5. A simplified soil quartering treatment device according to claim 4, characterized in that: The base (10) has multiple fixed seats (12) and fixed blocks (15) fixedly connected to its top, and each fixed seat (12) has a rotating shaft (13) rotatably connected inside.
6. A simplified soil quartering treatment device according to claim 5, characterized in that: The outer wall of each of the rotating shafts (13) is fixedly connected to the inside of the connecting plate two (14), and each of the connecting plate two (14) has a groove two (16) inside.
7. A simplified soil quartering treatment device according to claim 6, characterized in that: The bottom of the second connecting plate (14) is in contact with the top of the first connecting plate (11) and the fixing block (15). Each fixing block (15) has a threaded rod (18) inside, and each threaded rod (18) has a handle (17) fixedly connected to its top.

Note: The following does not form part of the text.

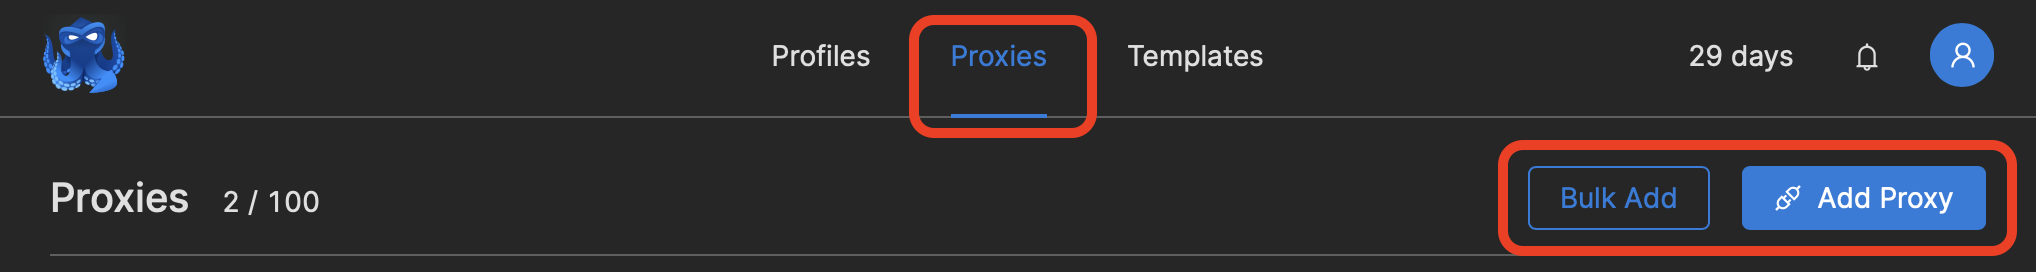 Octo Browser – Adding proxies
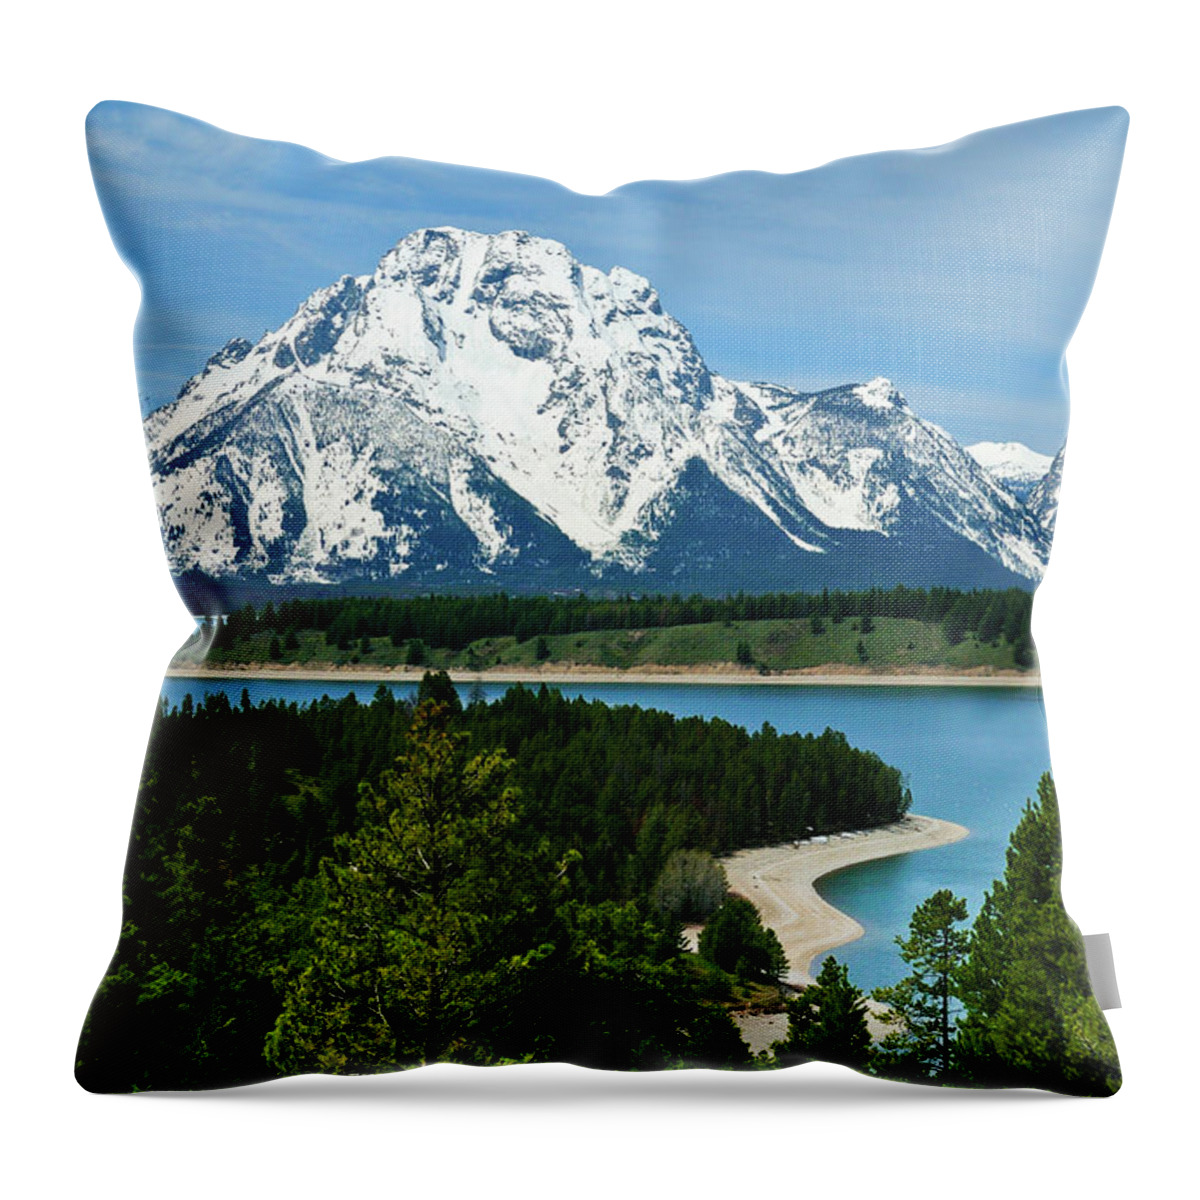 Grand Teton National Park Throw Pillow featuring the photograph Teton Spring by Greg Norrell

8. A simplified soil quartering treatment device according to claim 7, characterized in that: The bottom of each of the two handles (17) is attached to the top of the two connecting plates (14), and each of the two connecting plates (14) is slidably connected with a pin (19). One end of each pin (19) passes through the two connecting plates (14) and extends into the interior of the first connecting plate (11).